By DOROTHEE THIESING, Associated Press

 

WEIMAR, Germany (AP) — Buchenwald survivor Henry Oster recalls thinking that a fellow inmate had “lost his sense of reality” when he said 70 years ago Saturday that the concentration camp was being liberated, bringing an end to the long ordeal of the 21,000 surviving prisoners.

Oster, 86, visited the site near the German city of Weimar for the first time since its liberation on April 11, 1945 — one of a group of survivors and veterans who came to mark the anniversary of the liberation. Buchenwald was the first major concentration camp entered by American forces at the end of World War II.
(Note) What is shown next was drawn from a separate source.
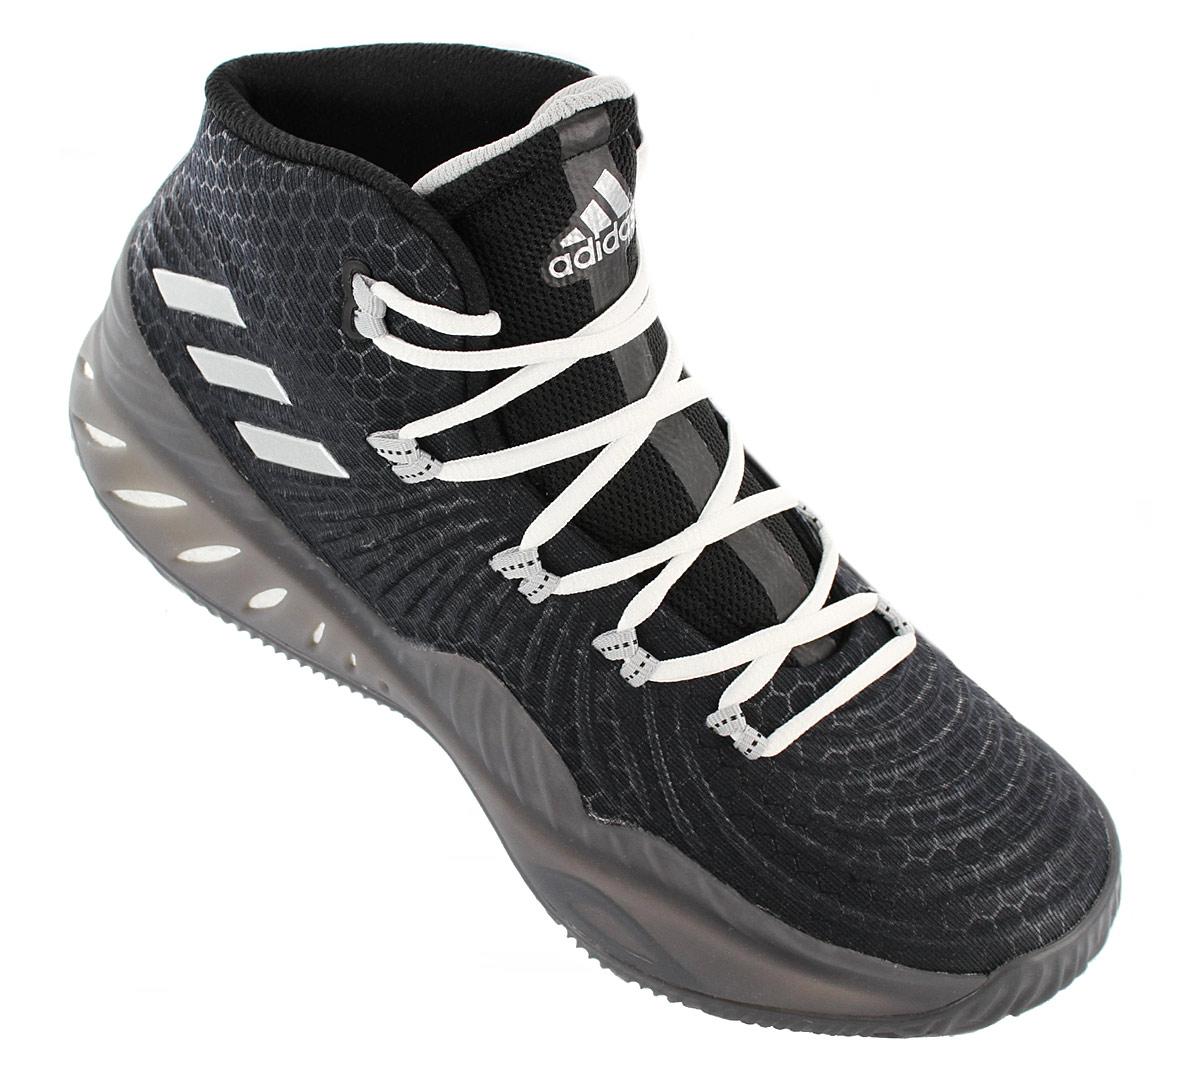 Details zu adidas Crazy Explosive 2017 Boost Herren Basketballschuhe Schuhe BW0985 NEU

“What I see here, where the barracks used to be, at every barrack there was a pile of dead bodies, this is in your memory forever,” Oster said. “When someone asks how Buchenwald was, you immediately see the dead bodies again.”

 Around 250,000 prisoners in total were held at Buchenwald from its opening in July 1937 to its liberation. An estimated 56,000 people were killed, including political prisoners, people dubbed “asocial” by the Nazis, Soviet prisoners of war, Sinti and Roma, and approximately 11,000 Jews.

Oster, a Jewish German born in Cologne, was taken to the Lodz ghetto in occupied Poland in 1941 and later to the Auschwitz-Birkenau death camp. His father died of starvation and his mother was gassed on the day they arrived at Auschwitz, he said.

In January 1945, Oster was sent on a “death march” to Buchenwald as the Nazis forced inmates westward in the face of advancing Soviet forces.